I mean, if you're gonna criticize Alabama for 1978, how in the world do you give Minnesota a pass in 1936? If you're gonna criticize Alabama as "didn't even win their conference," how do you not point this out about Minnesota?
And why not point out t
he nation's only unbeaten team in 1936 was 8-0-1 Alabama?
See, this is why I tire of this garbage. I will open admit my bias without shame, but I think my analytics and reviews show I can evaluate situations fairly EVEN when it involves my own team. But the problem is that most articles that offer such criticism START with the assumption the criticism is VALID. The criticisms of UCF in 2017 and Alabama in 1941 are FULLY legitimate and in the bounds of fairness. But for reasons that still tick me off royally, we have nonsense like the 1936 title, where if you applied the very same argument, you'd wind up with a different champion other years, too.
There ARE legitimate reasons why Alabama did not win the 1936 title, but you find none of that discussed here or even hinted at that the writers even know about this.

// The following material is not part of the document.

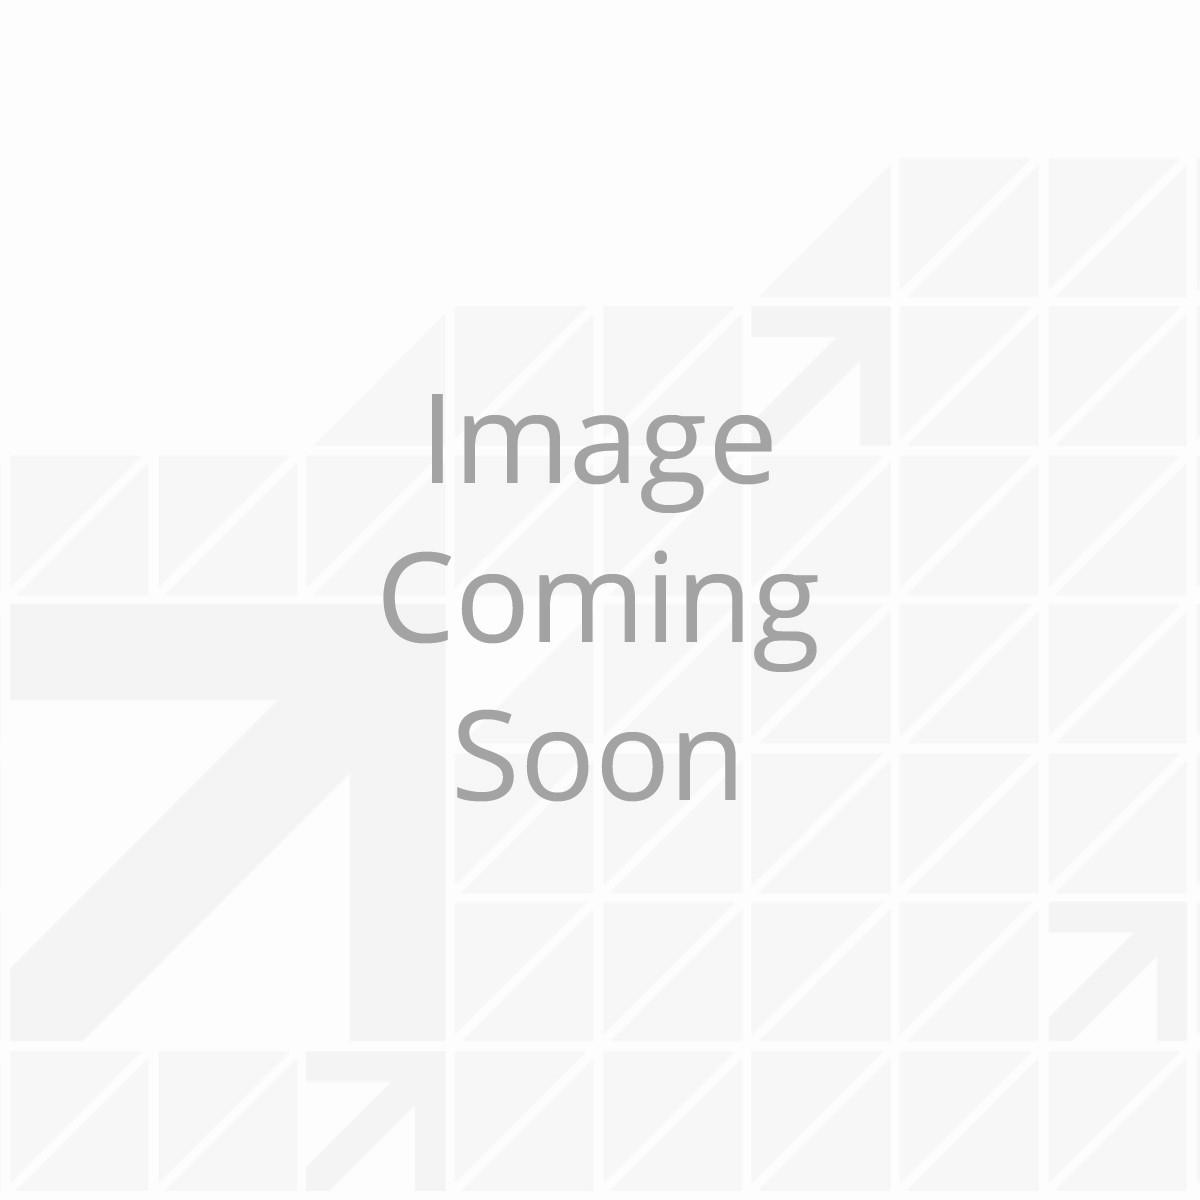 axle_126460
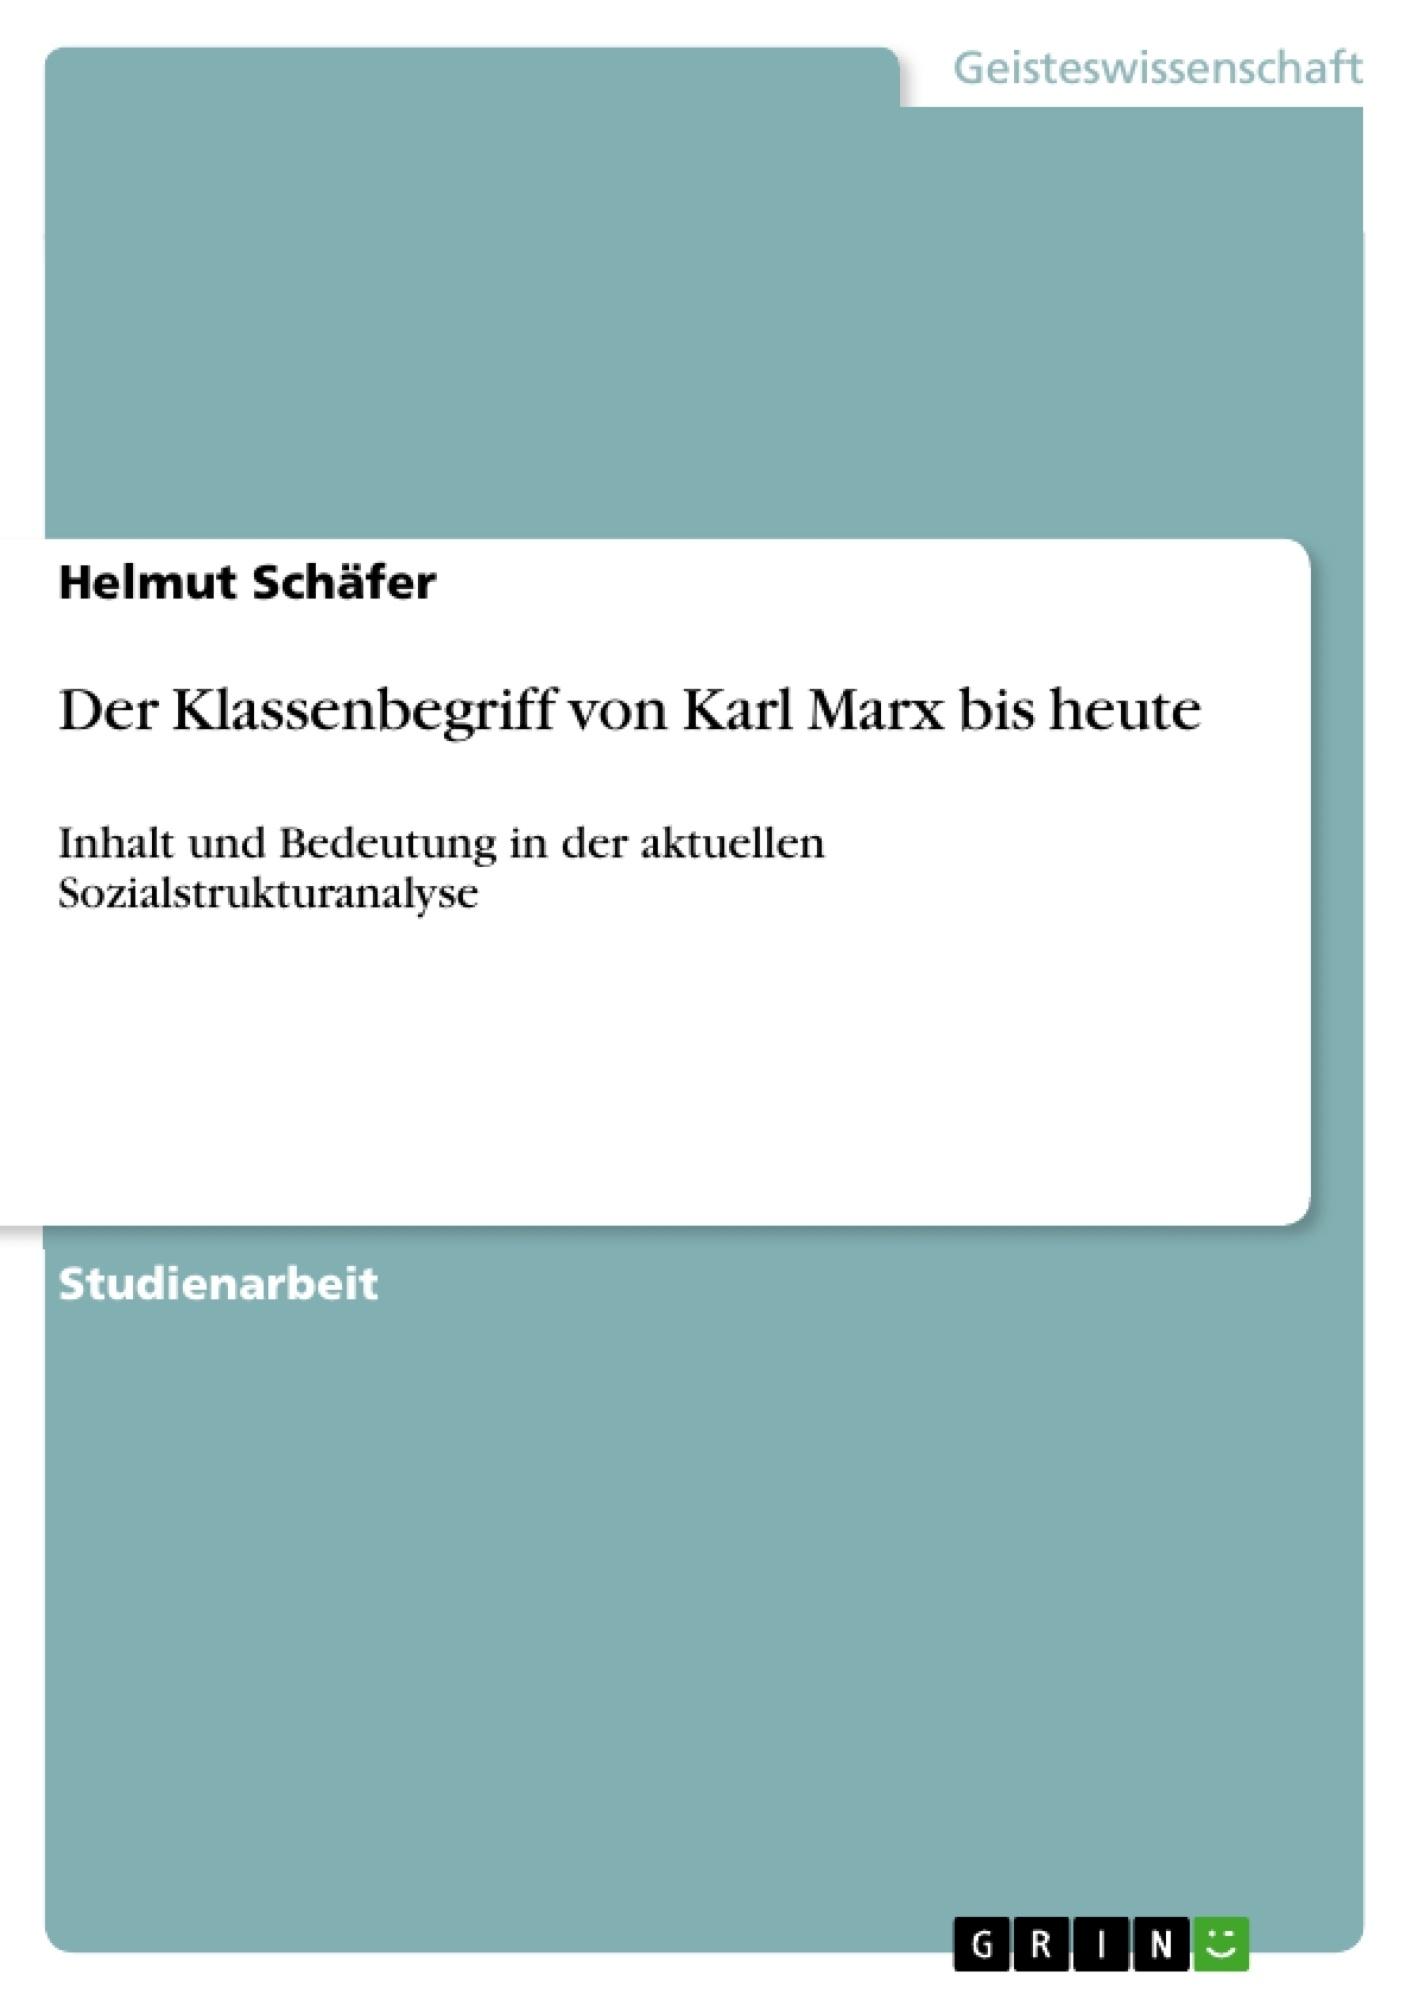 Titel: Der Klassenbegriff von Karl Marx bis heute

LSU had a legit claim, too, but nothing.
Alabama's 1964 title is often attacked with the old notion that we lost to Texas and Arkansas beat Texas and therefore if the polls were after the bowl games something something. Okay, fine. But my problem is you NEVER see those same writers mention the following:
1950 - Oklahoma voted national champ (loses to Bryant's Kentucky team in the bowl game, who ends the year with the same losses, one extra win, and a head-to-head bowl win. Either Kentucky or the Vols should be #1)
1951 - Vols win national title, lose to UNDEFEATED Maryland in bowl game by 15 points
1953 - Unbeaten Maryland loses Orange Bowl to #4 Oklahoma (9-1-1) after winning title.
Why don't these same writers pontificate about how Oklahoma and Tennessee and Maryland didn't REALLY win national titles? And who wins it in 1953? Unbeaten #2 Notre Dame? Or does Oklahoma pole vault Notre Dame using the "the team that beats #1 in the last game becomes #1 logic" of 1973, 1977, 1978, 1983, and 1993 but set aside in 1989?
1973
"Alabama doesn't deserve that title because they lost to Notre Dame in the bowl game after the title was awarded."
Why don't these inconsistent idiots after say, "You know, Texas was given the 1970 UPI title and then lost their bowl to Notre Dame by a score of 24-11"?
Why don't they ever say, "You know, Michigan State was given the UPI title in 1965 and then lost the Rose Bowl to UCLA"?
There's an answer to this: their concern is NOT with fair and just outcomes or consistency, their concern is with ALABAMA.
You'd be amazed how many people I absolutely bury with that because they didn't bother to research anything beyond "How can I criticize Alabama." And just like everyone else, they'll never admit it.
Count it however you want. We're still on top.